EXERCISE DESCRIPTION: In the entries below, how many lines contain the string "England"? Respond with the number only.

RAW DATA:
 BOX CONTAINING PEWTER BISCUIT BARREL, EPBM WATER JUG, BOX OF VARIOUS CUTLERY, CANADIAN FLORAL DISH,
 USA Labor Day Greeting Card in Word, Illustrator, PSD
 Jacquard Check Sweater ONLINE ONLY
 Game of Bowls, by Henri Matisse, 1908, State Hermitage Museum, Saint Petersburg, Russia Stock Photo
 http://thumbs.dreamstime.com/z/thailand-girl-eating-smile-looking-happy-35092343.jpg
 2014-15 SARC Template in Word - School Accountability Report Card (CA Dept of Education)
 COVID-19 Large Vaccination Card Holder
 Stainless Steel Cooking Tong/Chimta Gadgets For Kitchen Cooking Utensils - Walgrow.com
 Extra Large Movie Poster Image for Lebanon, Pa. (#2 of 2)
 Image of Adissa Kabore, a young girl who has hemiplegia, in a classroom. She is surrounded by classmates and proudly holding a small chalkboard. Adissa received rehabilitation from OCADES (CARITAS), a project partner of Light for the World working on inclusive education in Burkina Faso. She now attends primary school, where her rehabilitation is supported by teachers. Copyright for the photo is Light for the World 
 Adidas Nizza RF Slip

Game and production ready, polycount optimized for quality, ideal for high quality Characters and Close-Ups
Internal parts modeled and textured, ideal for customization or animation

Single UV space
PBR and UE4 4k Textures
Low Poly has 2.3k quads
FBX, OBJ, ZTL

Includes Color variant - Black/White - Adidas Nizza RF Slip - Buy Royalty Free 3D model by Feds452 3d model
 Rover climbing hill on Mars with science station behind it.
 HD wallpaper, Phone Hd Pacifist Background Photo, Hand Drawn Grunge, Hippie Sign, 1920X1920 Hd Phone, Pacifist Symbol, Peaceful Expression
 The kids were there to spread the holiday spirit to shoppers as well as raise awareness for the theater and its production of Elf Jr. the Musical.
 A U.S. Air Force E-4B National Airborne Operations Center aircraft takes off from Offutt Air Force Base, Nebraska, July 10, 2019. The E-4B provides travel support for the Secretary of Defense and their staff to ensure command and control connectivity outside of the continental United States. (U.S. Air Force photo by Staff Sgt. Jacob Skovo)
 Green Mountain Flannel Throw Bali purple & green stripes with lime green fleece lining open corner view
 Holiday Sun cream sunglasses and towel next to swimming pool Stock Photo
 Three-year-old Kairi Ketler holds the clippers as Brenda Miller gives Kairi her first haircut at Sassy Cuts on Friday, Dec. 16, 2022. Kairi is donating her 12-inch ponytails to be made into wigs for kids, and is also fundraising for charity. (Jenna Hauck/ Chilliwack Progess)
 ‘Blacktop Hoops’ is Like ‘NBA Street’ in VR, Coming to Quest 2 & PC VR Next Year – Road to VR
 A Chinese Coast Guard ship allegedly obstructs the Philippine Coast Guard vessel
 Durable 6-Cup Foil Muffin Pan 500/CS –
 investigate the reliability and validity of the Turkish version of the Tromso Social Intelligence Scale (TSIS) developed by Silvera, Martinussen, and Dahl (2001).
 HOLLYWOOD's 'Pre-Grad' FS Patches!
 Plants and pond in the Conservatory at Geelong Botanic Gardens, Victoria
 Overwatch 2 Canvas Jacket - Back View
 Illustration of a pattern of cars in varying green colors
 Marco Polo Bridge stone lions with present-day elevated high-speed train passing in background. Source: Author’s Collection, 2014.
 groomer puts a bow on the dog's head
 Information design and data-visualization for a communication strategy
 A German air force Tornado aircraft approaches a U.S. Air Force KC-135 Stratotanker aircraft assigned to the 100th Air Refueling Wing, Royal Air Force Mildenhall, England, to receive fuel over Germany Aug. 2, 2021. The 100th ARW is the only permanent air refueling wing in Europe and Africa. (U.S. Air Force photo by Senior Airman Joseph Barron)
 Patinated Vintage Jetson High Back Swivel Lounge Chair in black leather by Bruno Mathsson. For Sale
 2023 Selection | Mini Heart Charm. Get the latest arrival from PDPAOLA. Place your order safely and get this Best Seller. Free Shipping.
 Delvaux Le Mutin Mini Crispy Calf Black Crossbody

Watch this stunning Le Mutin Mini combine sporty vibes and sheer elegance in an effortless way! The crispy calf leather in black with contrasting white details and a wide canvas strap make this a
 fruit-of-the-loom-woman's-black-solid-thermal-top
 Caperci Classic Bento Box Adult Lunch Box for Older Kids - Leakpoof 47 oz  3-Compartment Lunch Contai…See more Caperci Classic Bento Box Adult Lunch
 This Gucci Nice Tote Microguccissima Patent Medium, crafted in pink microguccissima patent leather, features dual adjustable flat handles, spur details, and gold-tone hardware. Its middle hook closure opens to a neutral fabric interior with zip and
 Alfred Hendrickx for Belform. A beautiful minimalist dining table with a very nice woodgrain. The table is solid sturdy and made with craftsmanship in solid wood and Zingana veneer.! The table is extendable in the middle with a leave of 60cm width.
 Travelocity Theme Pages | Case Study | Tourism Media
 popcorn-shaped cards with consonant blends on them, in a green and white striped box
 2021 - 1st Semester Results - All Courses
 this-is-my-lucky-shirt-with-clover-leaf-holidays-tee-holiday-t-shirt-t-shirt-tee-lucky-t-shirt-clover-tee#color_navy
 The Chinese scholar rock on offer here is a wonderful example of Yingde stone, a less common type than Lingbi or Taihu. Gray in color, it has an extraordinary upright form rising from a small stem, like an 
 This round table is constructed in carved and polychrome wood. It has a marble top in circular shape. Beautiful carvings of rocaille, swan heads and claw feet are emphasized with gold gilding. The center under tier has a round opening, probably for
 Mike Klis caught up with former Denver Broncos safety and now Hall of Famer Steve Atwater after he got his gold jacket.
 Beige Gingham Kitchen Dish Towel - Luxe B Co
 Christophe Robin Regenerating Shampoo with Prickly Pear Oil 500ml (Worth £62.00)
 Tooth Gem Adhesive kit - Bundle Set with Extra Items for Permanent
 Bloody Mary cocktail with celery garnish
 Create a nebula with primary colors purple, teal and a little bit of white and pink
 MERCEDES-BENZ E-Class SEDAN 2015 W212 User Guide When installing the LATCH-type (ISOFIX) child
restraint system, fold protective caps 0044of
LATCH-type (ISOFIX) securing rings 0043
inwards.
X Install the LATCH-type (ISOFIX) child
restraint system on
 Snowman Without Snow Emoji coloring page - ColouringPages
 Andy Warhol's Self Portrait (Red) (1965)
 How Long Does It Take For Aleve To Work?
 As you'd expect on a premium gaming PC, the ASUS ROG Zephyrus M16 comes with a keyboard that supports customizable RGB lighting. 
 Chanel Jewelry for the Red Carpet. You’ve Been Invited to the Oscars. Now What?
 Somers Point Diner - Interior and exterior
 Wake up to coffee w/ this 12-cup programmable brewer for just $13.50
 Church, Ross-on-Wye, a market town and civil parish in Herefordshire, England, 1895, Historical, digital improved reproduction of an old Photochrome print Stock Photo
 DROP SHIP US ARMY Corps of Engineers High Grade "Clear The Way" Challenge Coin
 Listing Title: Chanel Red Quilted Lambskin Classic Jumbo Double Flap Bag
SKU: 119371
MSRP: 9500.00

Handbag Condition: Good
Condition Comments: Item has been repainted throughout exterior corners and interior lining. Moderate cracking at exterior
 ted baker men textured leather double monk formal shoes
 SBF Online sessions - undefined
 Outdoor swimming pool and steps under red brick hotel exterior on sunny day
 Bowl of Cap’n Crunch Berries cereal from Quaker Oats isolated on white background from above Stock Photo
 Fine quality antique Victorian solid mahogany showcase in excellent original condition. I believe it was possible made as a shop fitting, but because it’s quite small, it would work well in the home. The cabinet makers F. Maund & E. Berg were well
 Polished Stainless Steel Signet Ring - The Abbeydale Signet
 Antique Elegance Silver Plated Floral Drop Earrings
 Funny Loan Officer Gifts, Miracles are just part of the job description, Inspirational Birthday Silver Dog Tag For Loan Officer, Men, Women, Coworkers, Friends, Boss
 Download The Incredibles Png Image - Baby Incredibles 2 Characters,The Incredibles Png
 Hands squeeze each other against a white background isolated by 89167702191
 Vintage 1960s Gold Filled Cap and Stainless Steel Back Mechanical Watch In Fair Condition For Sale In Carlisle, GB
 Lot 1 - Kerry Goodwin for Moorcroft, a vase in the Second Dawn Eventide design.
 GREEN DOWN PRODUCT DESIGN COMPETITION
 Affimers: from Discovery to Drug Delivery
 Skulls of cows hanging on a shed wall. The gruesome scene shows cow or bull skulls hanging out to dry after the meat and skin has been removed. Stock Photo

TASK SOLUTION: 2